たれもが知っておる吉野の活劇は、主殿の見事な脱出で、弁慶さんの鬼気迫る守護、乱闘で、忠信さんの弓、偽名乗り、偽腹で。
でも今俺が見てるのは、静様の、涼やかな舞で。
しづやしづ
しづのをだまき
くり返し
昔を今に
なすよしもがな
白い直垂・水干に立烏帽子、白鞘巻の刀。
ゆっくり舞う姿に、僧兵たちが臆しておる。
それでも懸命に勇気を出して、
逆賊め!
魔物め!
と挑んで来るが、静様は舞の間に間に斬り結び、身をかわし、燕のように宙返りして、僧兵たちを蹴散らしてゆくのだ。
俺の知る静様は、武道の片鱗も知らない。
ただ優雅に舞い、花の顔容に、麗しい笑みを帯びるだけだ。
なのに今、目の前のあのかたは、むくつけき僧兵どもを軽々と、一人二人と戦い潰している…
ま、魔物は相手にするな!
義経を追え!!
追え!!
叫んでより上方、上千本のほうへと追ってゆく。
さすがに静様は追っていかず、何を思ったか俺を見、にっこりと笑んだのだ。
いささか喉が乾いた。
潤してくれるか?
寄り来たのは確かに魔物で。
ただ美しくただおそろしく、真白き雪、降り積む中、俺は静様のなすがままとなった。
忠義の弓
引く。
引く。
引き続ける。
主等がさらに上方に、逃れてゆく間を作るため、私は僧兵等を牽制する。
兄が全身で庇ったかたを、ここでむざと死なせたら、あちらの世界で待っておってくださろう兄上に申し訳が立たぬ。

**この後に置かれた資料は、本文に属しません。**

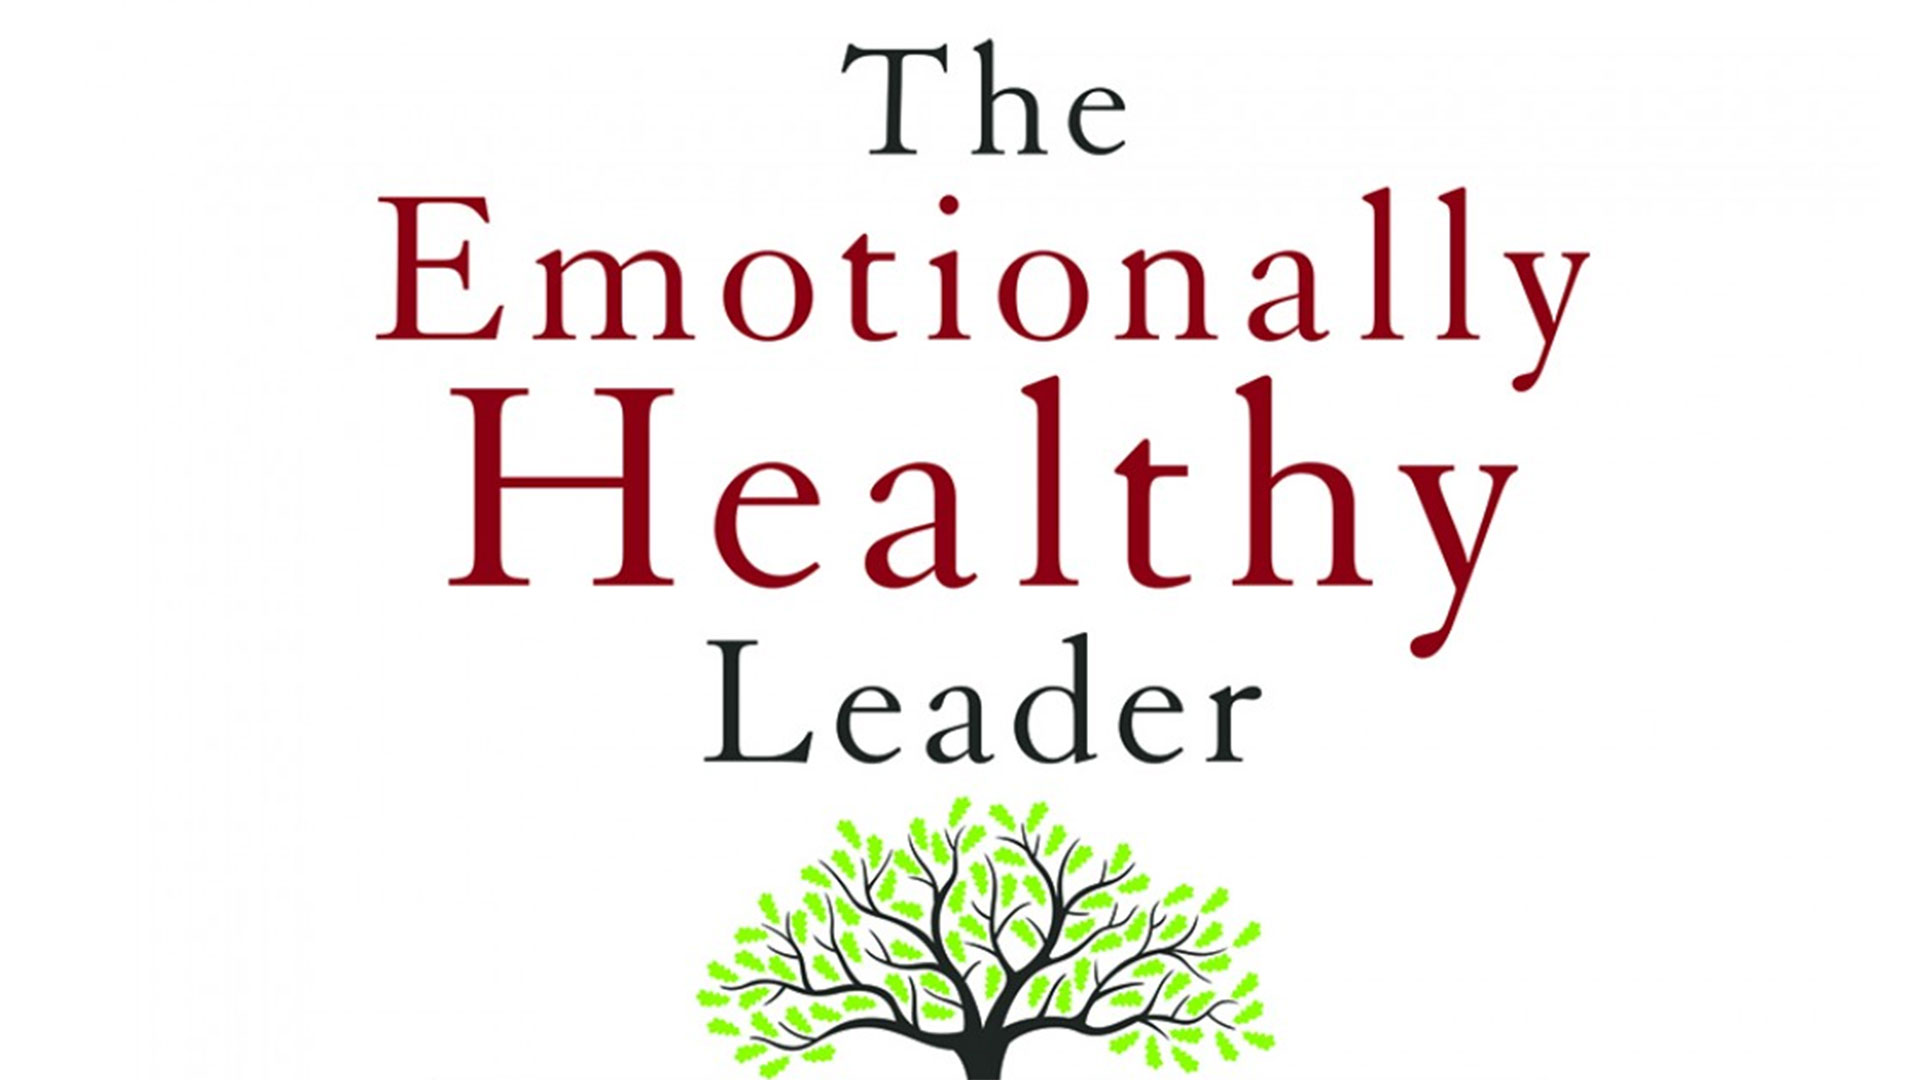 The Emotionally Healthy Leader, by Peter Scazerro

奥州で、国衡様に、兄とともに主に付けられた日から、われらの日々は主とともに在った。
吾が義経じゃ!
むざと討たれまいぞ!
言いながら引きつけ、誤誘導して四半時、そろそろ頃合いだろう。
義経の最期を見届けるがいい!
と、腹かっさばく仕草とともに、背後の断崖に身を躍らせる。
主よご無事で!!
行き止まりの塔
かなり下のほうで、雪の激しく崩れる音がした。
三郎か。
忠信か。
無事を祈るばかりである。
この塔の先に道なしとする吉野の果て、周囲はぐるりと僧兵が取り巻いておるようだ。
もはやこれまでと主を見やると、まだその頬に諦観はなかった。
屋根破る。
奴らが突入してきたときには、我らは外じゃ。
そう言って、私の躰よじ登る。
引きずり出せええ!!
僧兵たちが突入してくる。
私の真上で逆立ちし、とああ!っと天井蹴破って上がり、差し伸べた手で私を引きずり上げる。
そして私たちは跳躍する。
私たちにはたずさの跳躍飛翔術がある。
手薄のほうへ跳ぶ…
我らはまだまだ落ち延びる。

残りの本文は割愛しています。